Foreign Policy and America’s Role in the World

America must always be a force for freedom.  President Obama made many mistakes in our foreign policy and because of those mistakes, we are no longer trusted by our allies or respected by our enemies. America must keep its word to ally and adversary alike. We need to reject the Iran nuclear deal, stop drawing red lines we don’t mean to enforce and deny the UN the power to control our actions.  We must be fully engaged and leading from a position of strength. That’s a real formula for peace through strength.

From World War II until President Obama took office, America was the respected and trusted leader of the free world. We stood up to the threat of Soviet communism and defeated it. When the Berlin Wall crumbled in 1989, there began a new birth of freedom in Europe and many other regions. But even before that, the rise of radical Islam began to enslave many peoples, an enormous threat to freedom that continues to rise because Obama refuses to deal with it.

President Obama believed that a weaker America makes the world safer and that we have no greater place in the world than any of the UN’s other members. That’s flat wrong. America offers the freedoms, preserved by our Constitution, that ensure life, liberty and the ability to prosper. Our moral, religious and Constitutional systems make us superior to the many nations that don’t offer those freedoms.

Call it what you will, American exceptionalism is a fact, and that makes our place in the world what it has always been. America is a force for freedom, an untiring voice against oppression and slavery, and a stabilizing force. We have the right and the duty to defend ourselves and our allies. To do so we must act – diplomatically, economically and when necessary militarily — from a position of global strength.

Our foreign policy must be based on the understanding that both the neocons and the isolationists are wrong. The neocons are too willing to go to war to reshape the world. On the other hand, the isolationists refuse to recognize threats to our vital national security interests that have to be deterred or defeated. Their weakness only encourages aggression.

We should never engage in nation-building or fight indecisive wars. War is always a last resort. But there are some acts of aggression that have to be defeated. As we learned in Vietnam, Iraq and Afghanistan, if you do not fight a war in a manner calculated to win it decisively, you will lose inevitably.

We must engage constructively with our allies and with our adversaries to our mutual benefit. We should never draw “red lines” against an adversary’s action unless we mean to enforce them. We must not sacrifice America’s credibility to phony “red lines,” nor allow the United Nations to control any aspect of our foreign policy as Obama has done in his dangerous Iran deal.

We cannot rely on the United Nations to produce a diplomatic resolution to any significant problem. We must conduct American foreign policy in America’s interests with the objective, always, of keeping the peace. But our diplomacy will be conducted in a manner that uses all of our national assets – diplomatic, economic and military – to best advantage.
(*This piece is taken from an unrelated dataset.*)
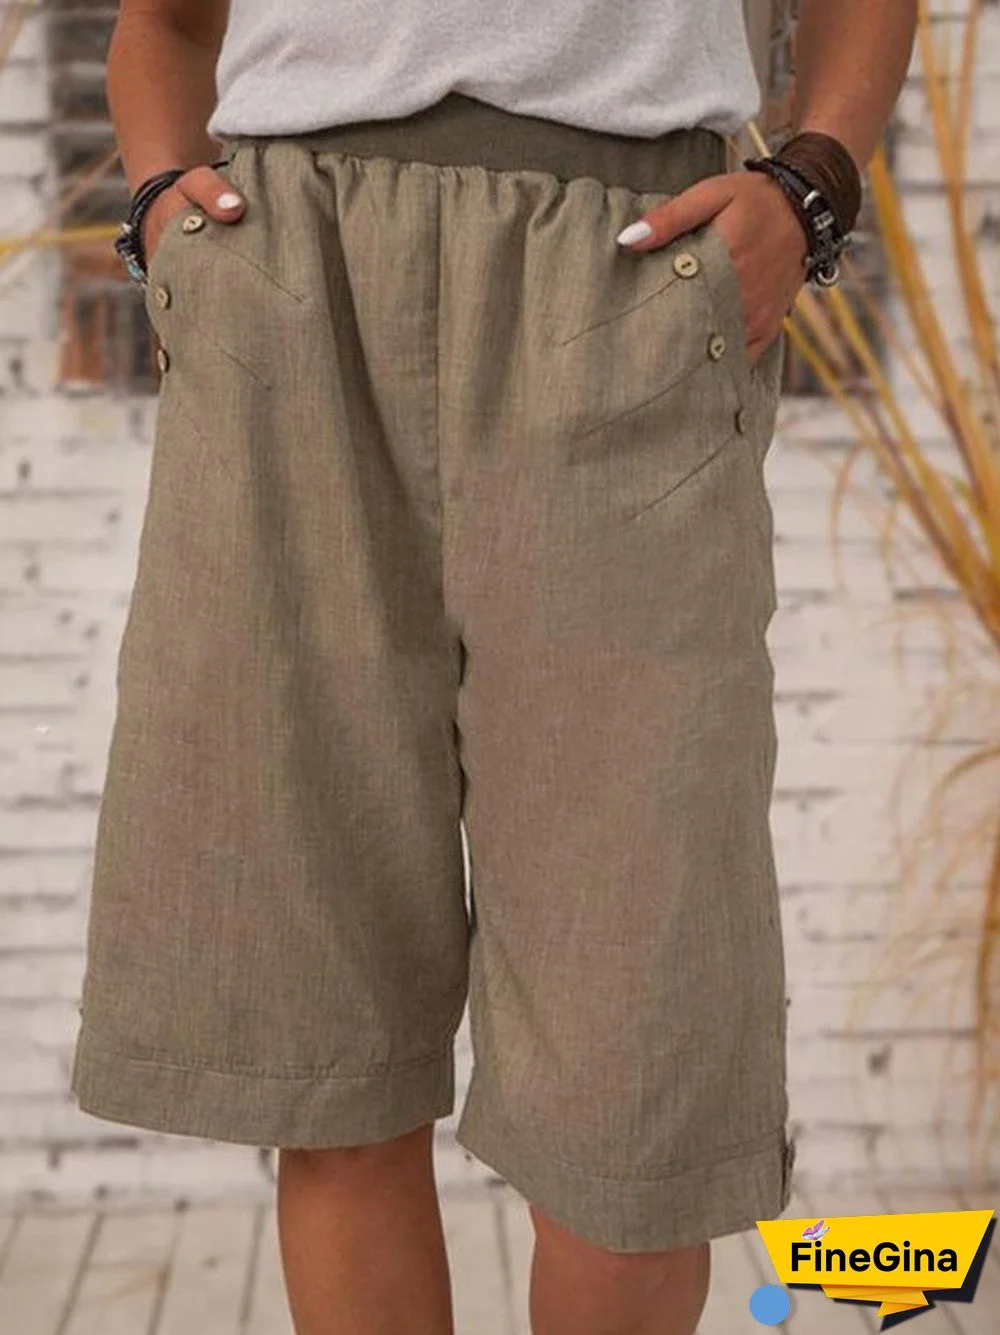 Daily Men Cotton&Linen Fifth Pants

As the Obama foreign policy has proved time and again, weakness is provocative. We must always retain the option of acting unilaterally, but we should prefer to function internationally through real alliances with dedicated allies both new and old. Our diplomatic adversaries will quickly learn the difference between our vetoing a UN resolution and our sending an aircraft carrier battle group. We must neither demonstrate weakness nor provoke aggression. And, at all times, we must ensure that we have the ability to deter or defeat any significant threat.

We must recreate America’s foreign policy in accordance with those specific principles.

When Obama and Hillary Clinton began implementing his “transformational” foreign policy they began a process that has, intentionally in accordance with his plan, forfeited America’s influence and power. Obama has done this by shunning our allies and embracing our enemies. He has broken other presidents’ commitments to allies, such as President Bush’s promise of a ground-based missile defense system in Poland to protect Europe. And he has engaged in extremely unwise agreements, such as the new Iran nuclear weapons deal, which place our allies in the Middle East, including Saudi Arabia and Israel, under the intolerable threat of a nuclear-armed Iran.

One measure of the great harm Mr. Obama has done is the number of nations that used to depend on us to guide their foreign policies and now reject our leadership. NATO is adrift. Saudi Arabia, among others in the Middle East, has made it clear that it will no longer follow America’s policy lead. Many other nations are going their own ways because we are not trusted. We must correct that and again make our nation the trusted and respected leader it was for so long.

President Trump will bear the heavy burden of repairing the damage Obama has done. America needs to again be a force for freedom and stability in the world. To do that, we first need to re-earn the trust of our allies and re-earn the respect of our enemies. If we are going to re-earn that trust we must do it in a way that respects our allies.

To re-earn our allies trust – and our adversaries’ respect — we need to take foreign policy actions aimed specifically to correct Obama’s mistakes.

That is a plan from which we can derive the specifics of national defense and foreign policy. It is a plan to achieve peace through strength and responsible, constructive engagement with the world.